Прежде всего в демократически-социальной партии. С социализмом дело в ней обстояло довольно слабо, ибо она составилась из мелкобуржуазных и пролетарских элементов; лозунги, стоявшие на ее знамени, организация труда и право на труд были мелкобуржуазные утопии, которые нельзя было осуществить в капиталистическом обществе.
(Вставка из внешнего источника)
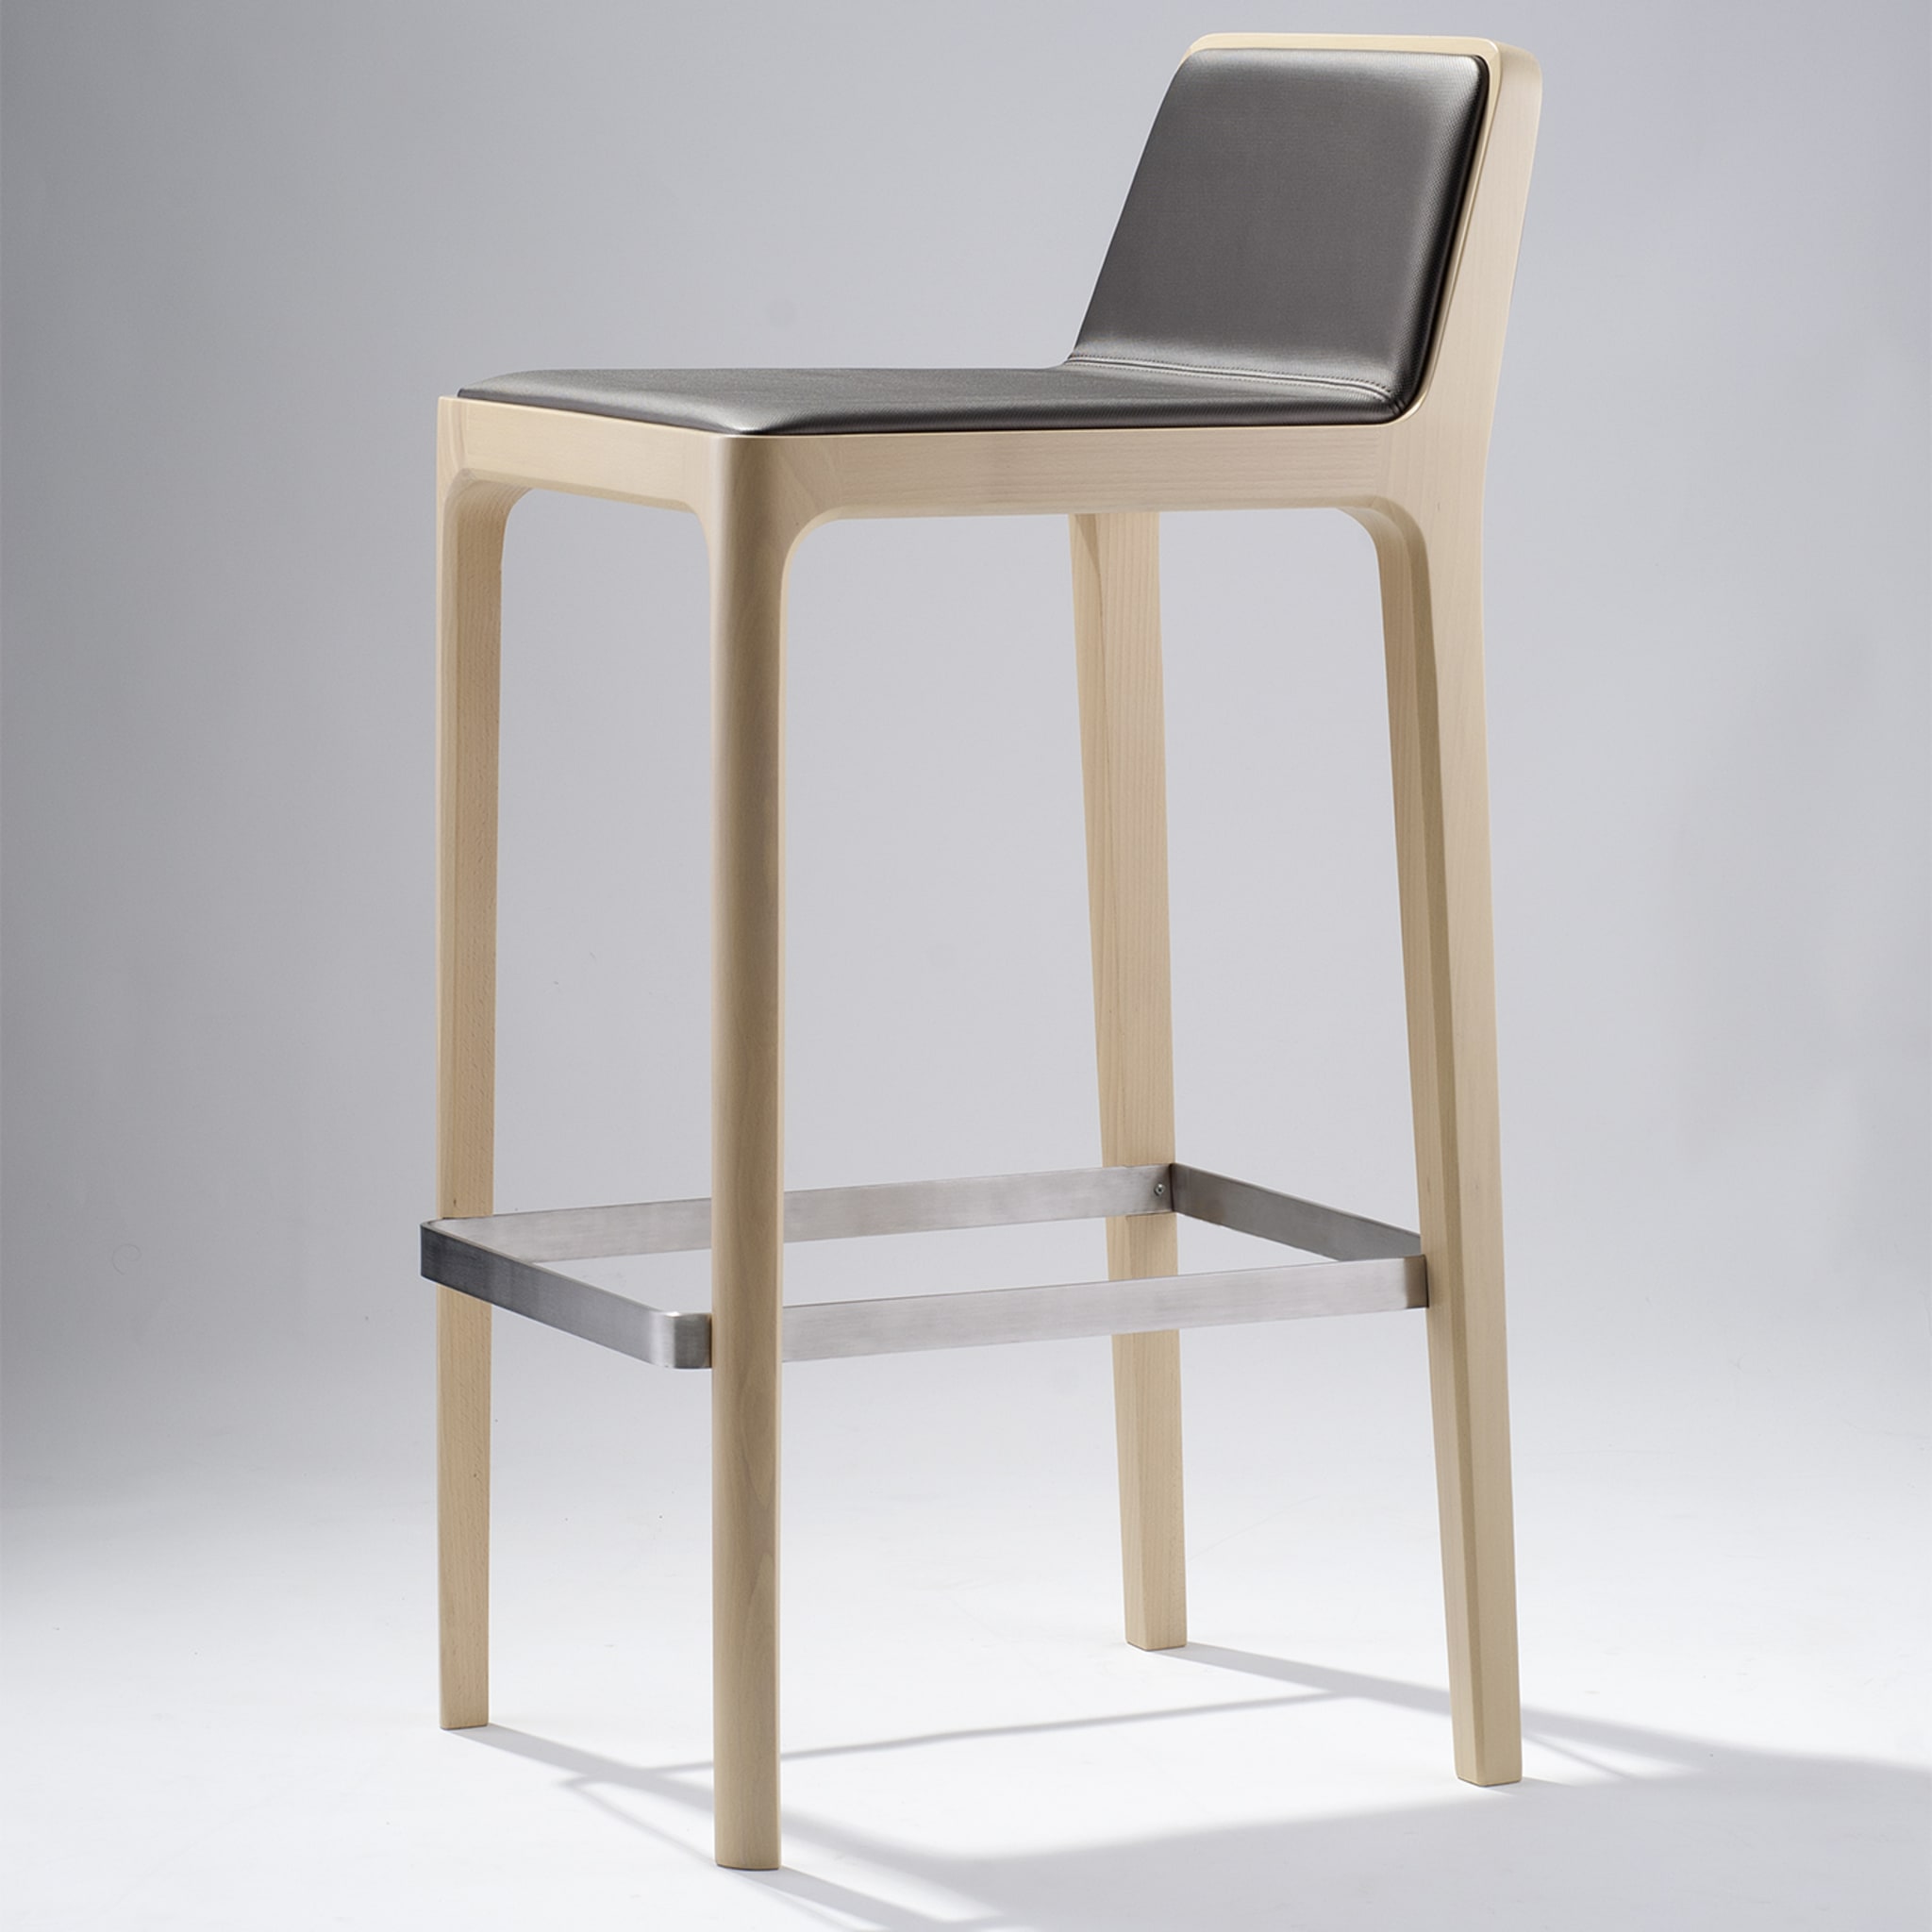 Tip Tap 383 Bar Stool by Claudio Perin - Alternative view 3

В нем труд организован так, как этого требуют условия существования капиталистического общества, то есть в виде наемного труда; он необходимая предпосылка для капитала и уничтожится только с уничтожением капитализма. Точно так же обстоит дело с правом на труд. Оно может осуществиться только при общности владения орудиями производства, то есть путем уничтожения буржуазного общества, а главари партии, Луи Блан, Ледрю Ролен, Фердинанд Флокон, торжественно отказались подрубать корни буржуазного строя. Они не хотели быть ни коммунистами, ни социалистами.
Но при всей утопичности социальных целей этой партии она все же знаменовала собой решительный шаг вперед, благодаря тому что ступила на политический путь. Она заявила, что никакая социальная реформа не мыслима без политических реформ; завоевание политической власти единственный рычаг для спасения страдающих масс. Она требовала общего избирательного права, и это требование встретило живой отголосок в пролетариате; он устал от заговоров и мятежей и искал более действительного оружия для своей классовой борьбы.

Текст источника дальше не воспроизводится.